Provided entries -
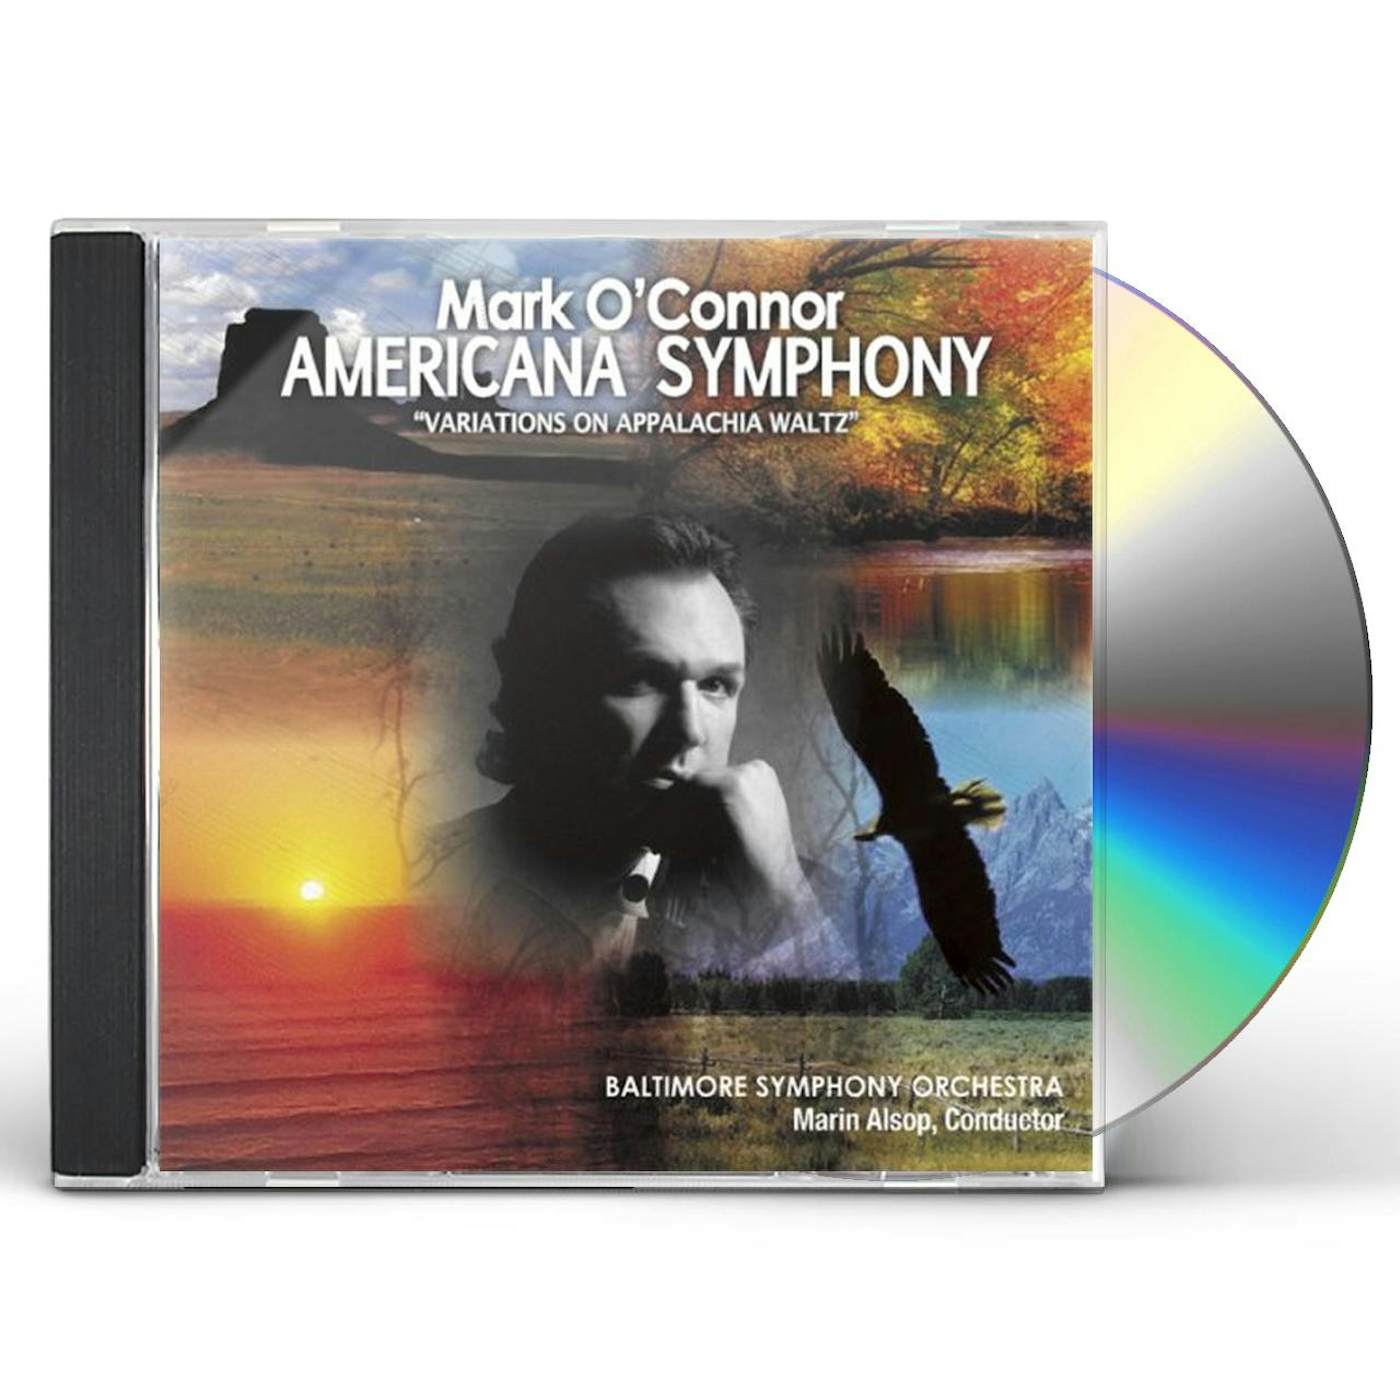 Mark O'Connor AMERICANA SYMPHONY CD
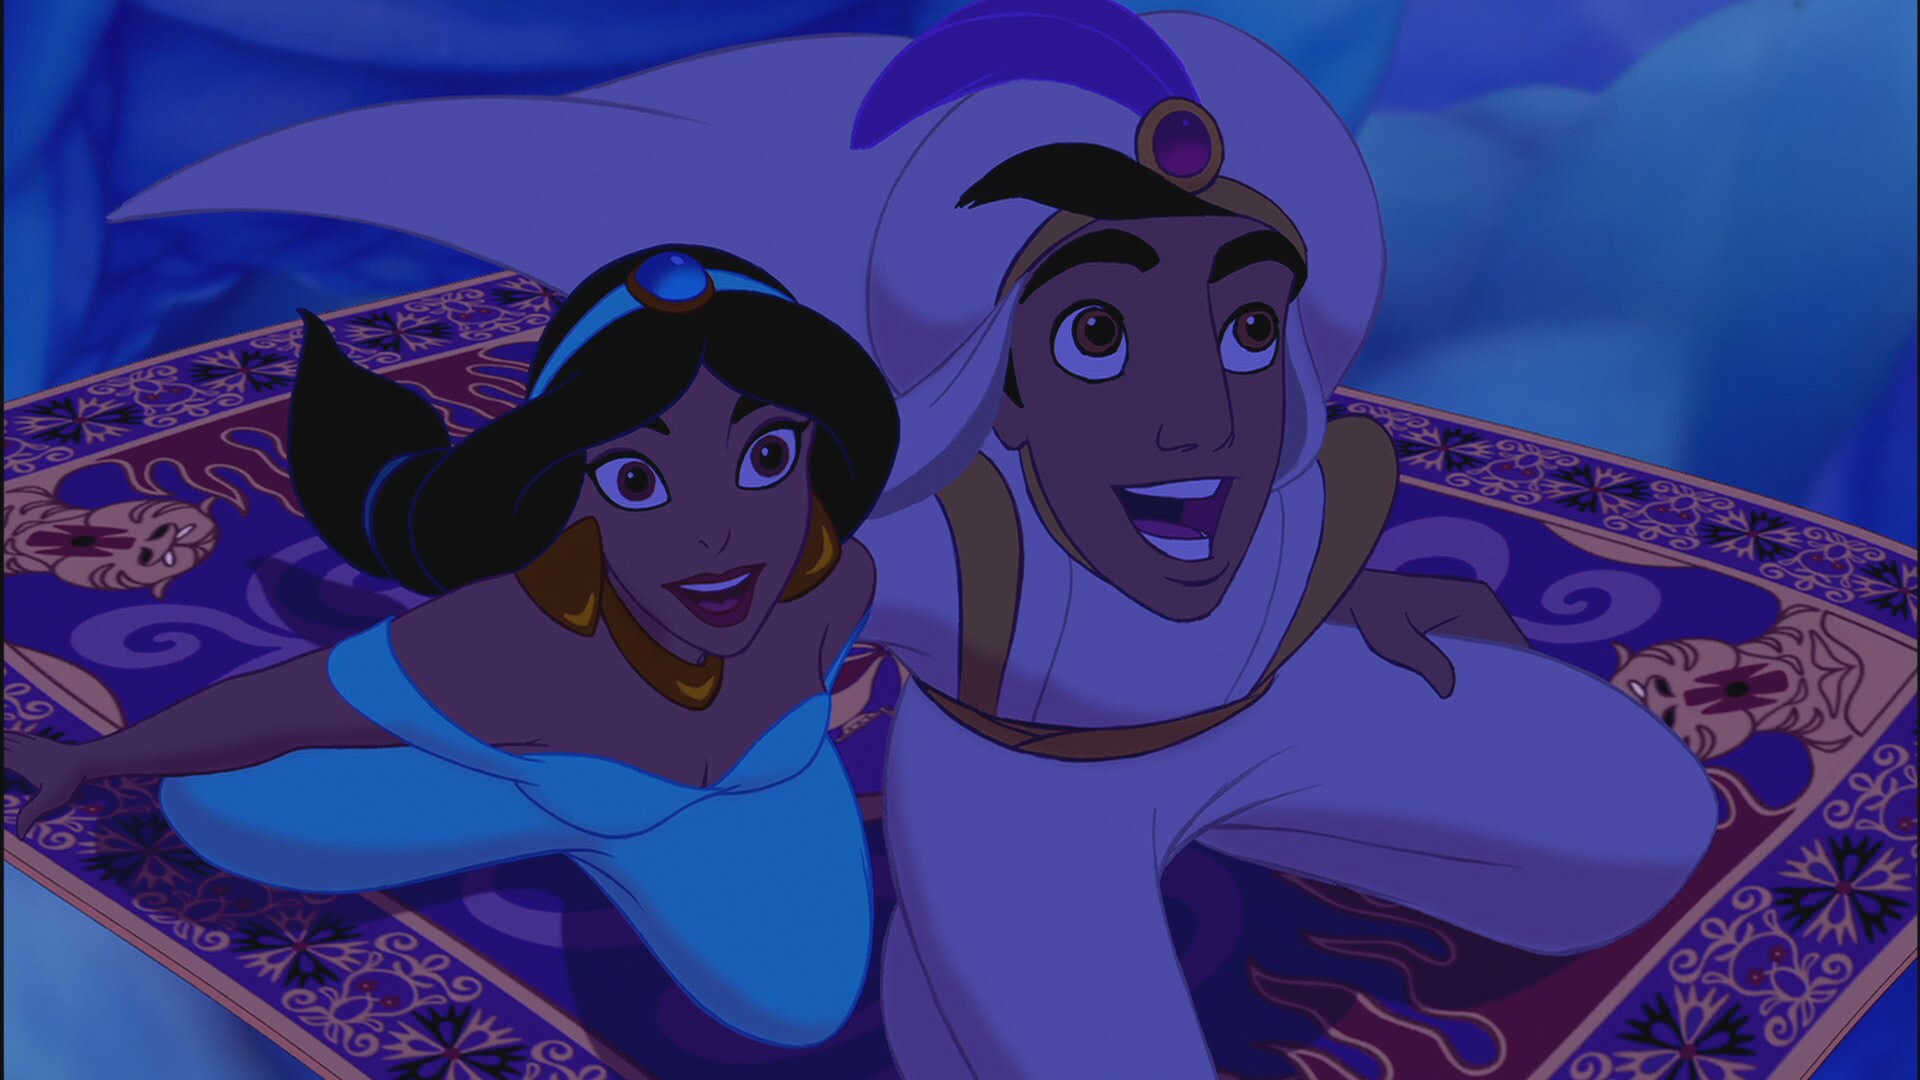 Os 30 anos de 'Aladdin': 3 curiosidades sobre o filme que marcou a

==

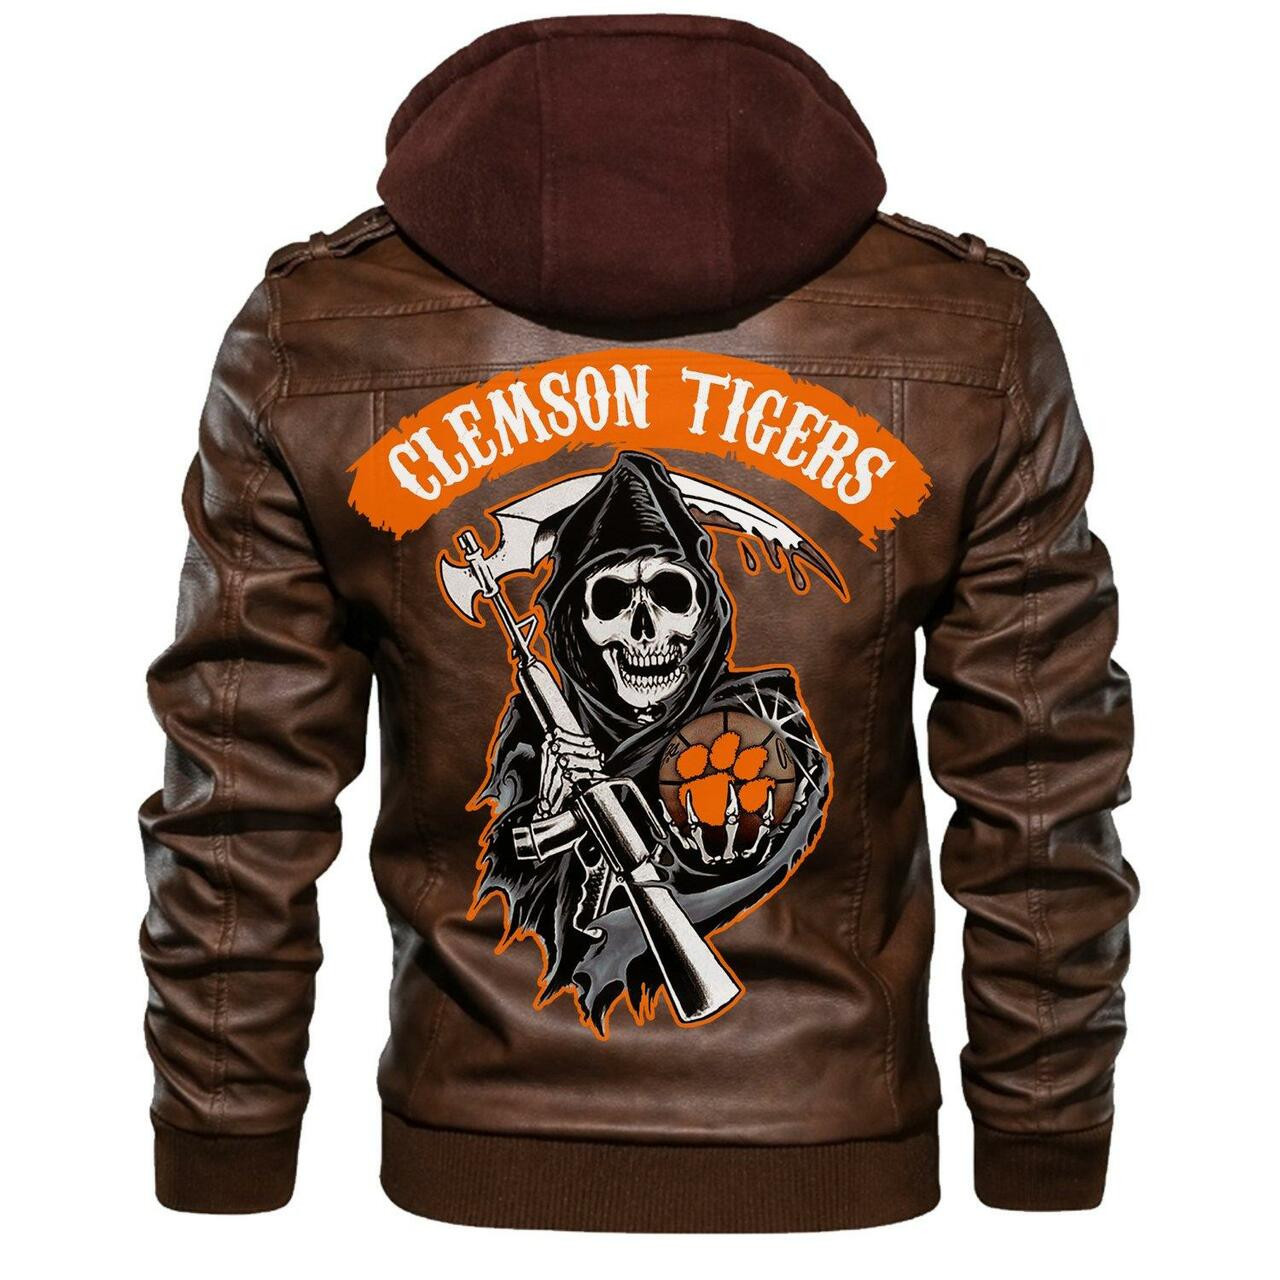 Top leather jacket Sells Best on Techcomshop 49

---

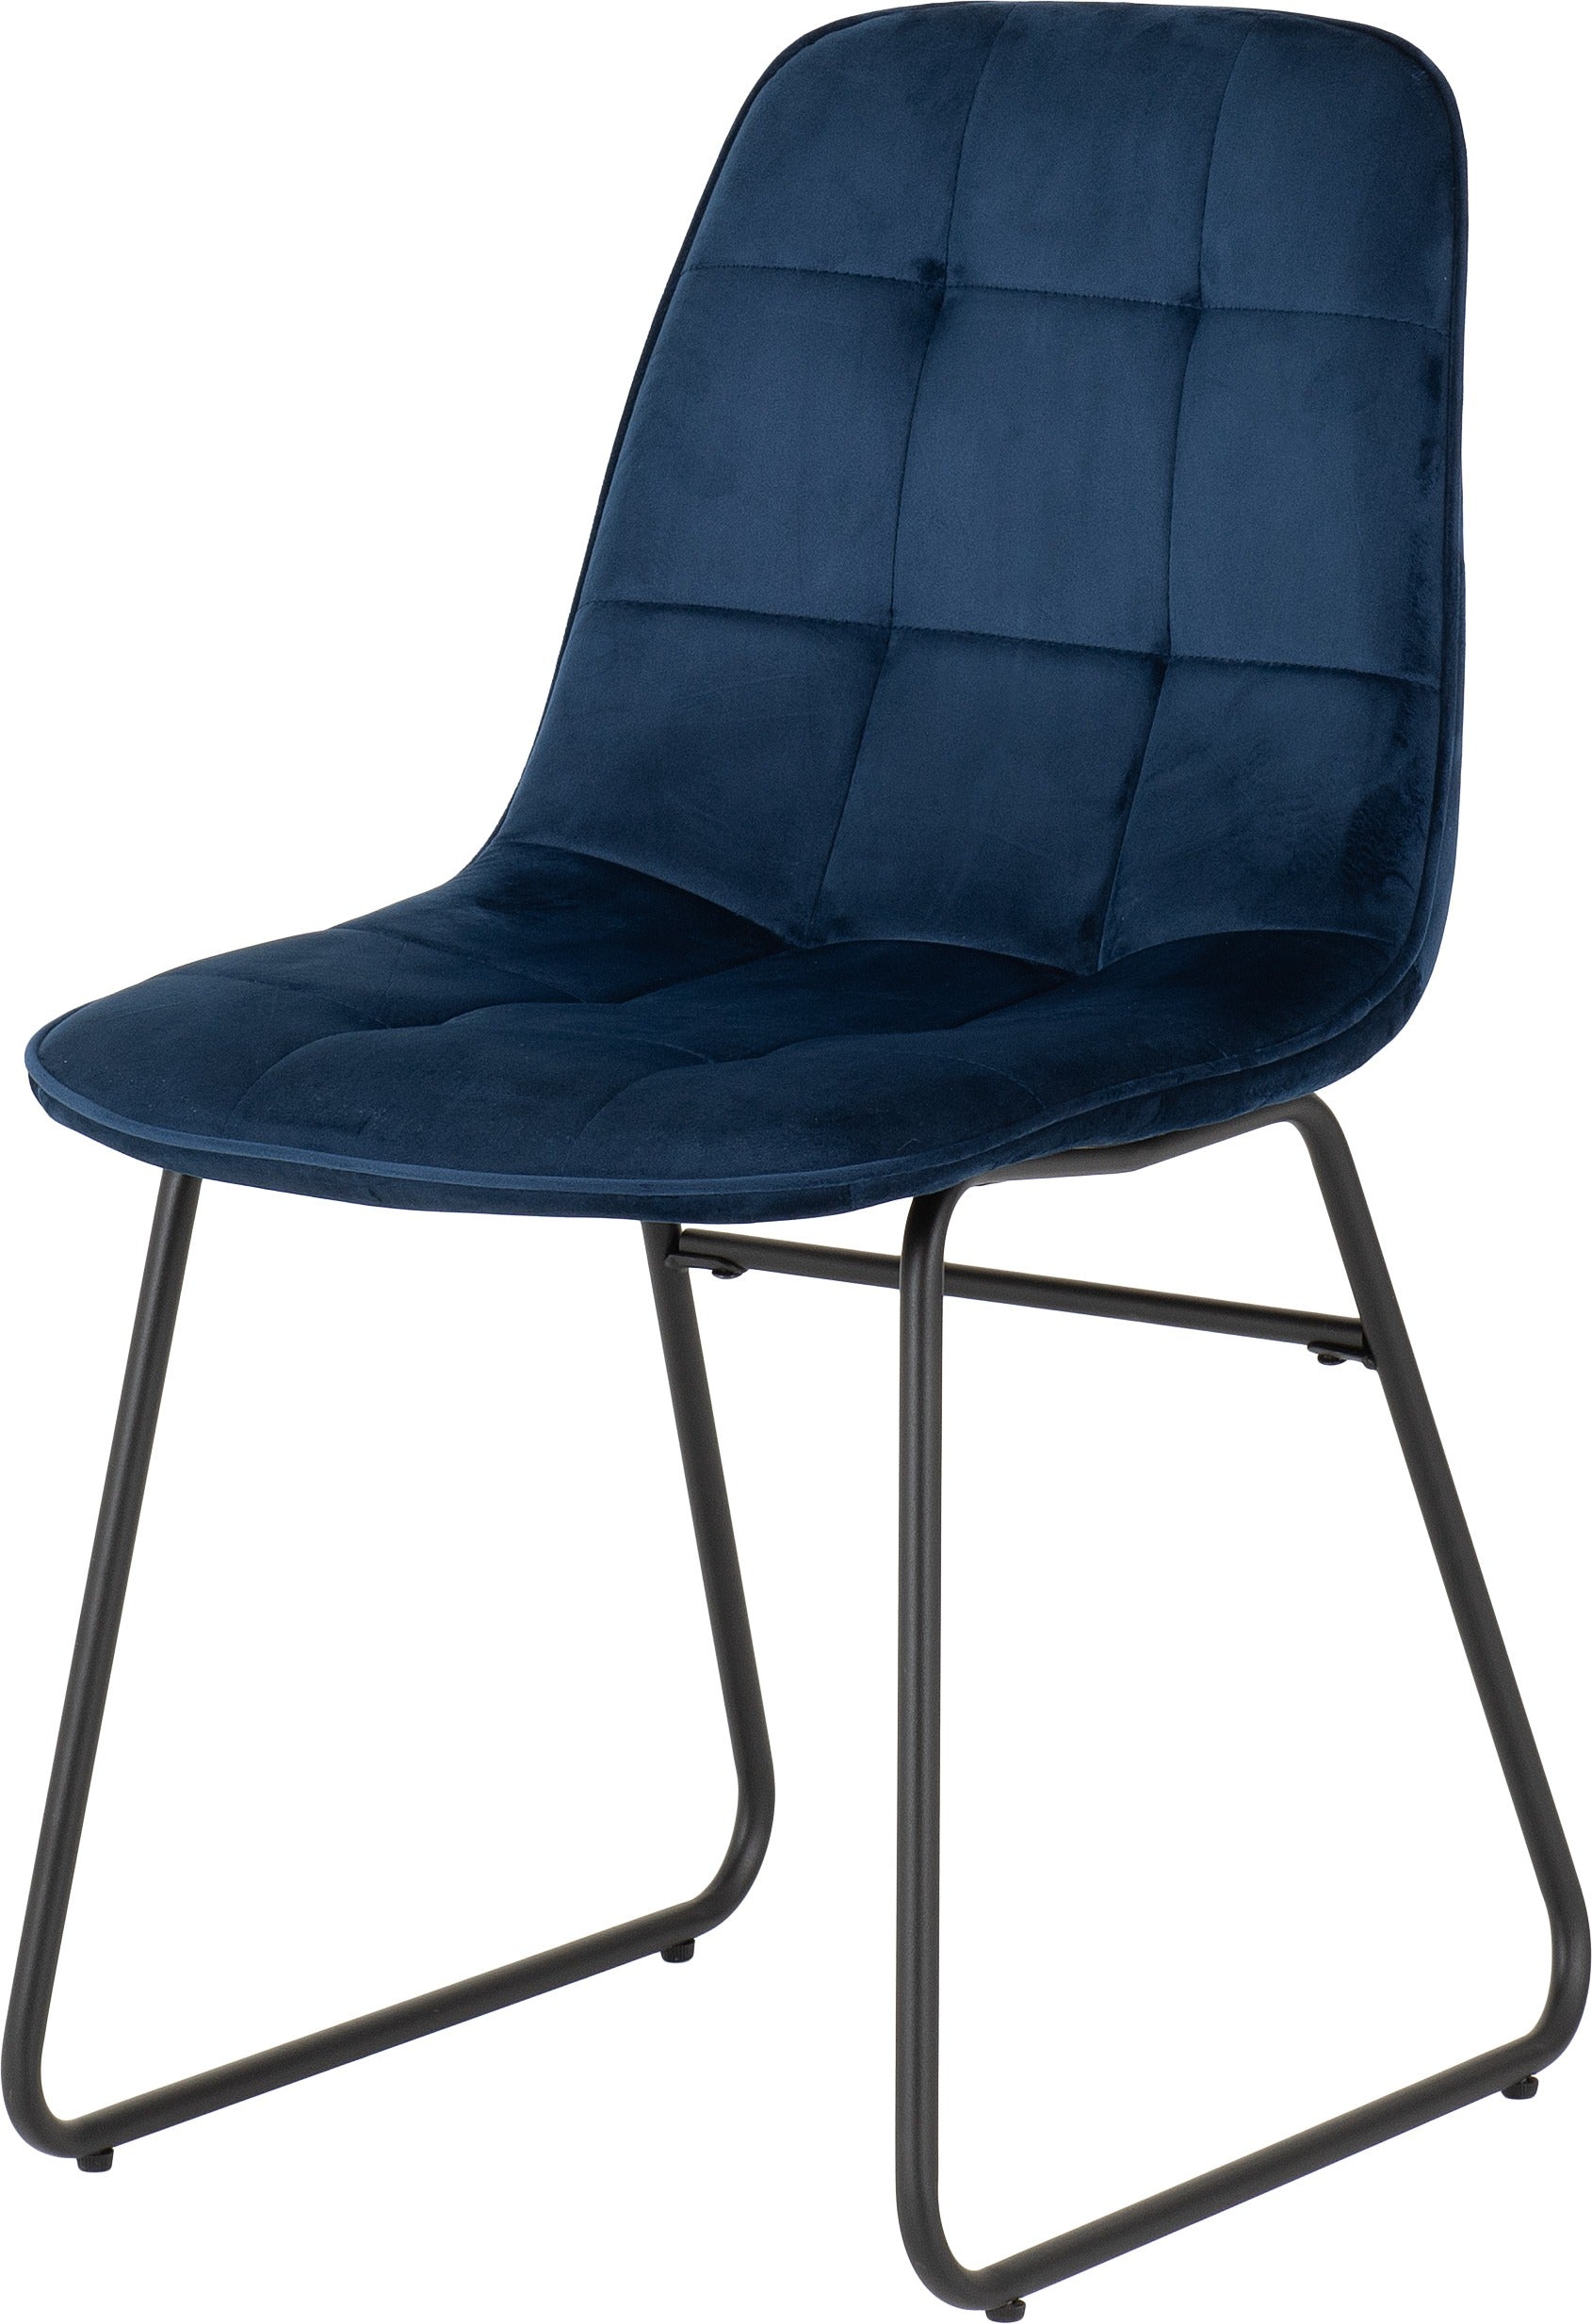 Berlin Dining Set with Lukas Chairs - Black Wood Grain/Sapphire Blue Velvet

Aim of the task - When copying from the data above, print only the lines from the line containing "Mark O'Connor AMERICANA SYMPHONY CD" to the line containing "Os 30 anos de", exactly, and leave the pictures out.

Output -
 Mark O'Connor AMERICANA SYMPHONY CD
 Os 30 anos de 'Aladdin': 3 curiosidades sobre o filme que marcou a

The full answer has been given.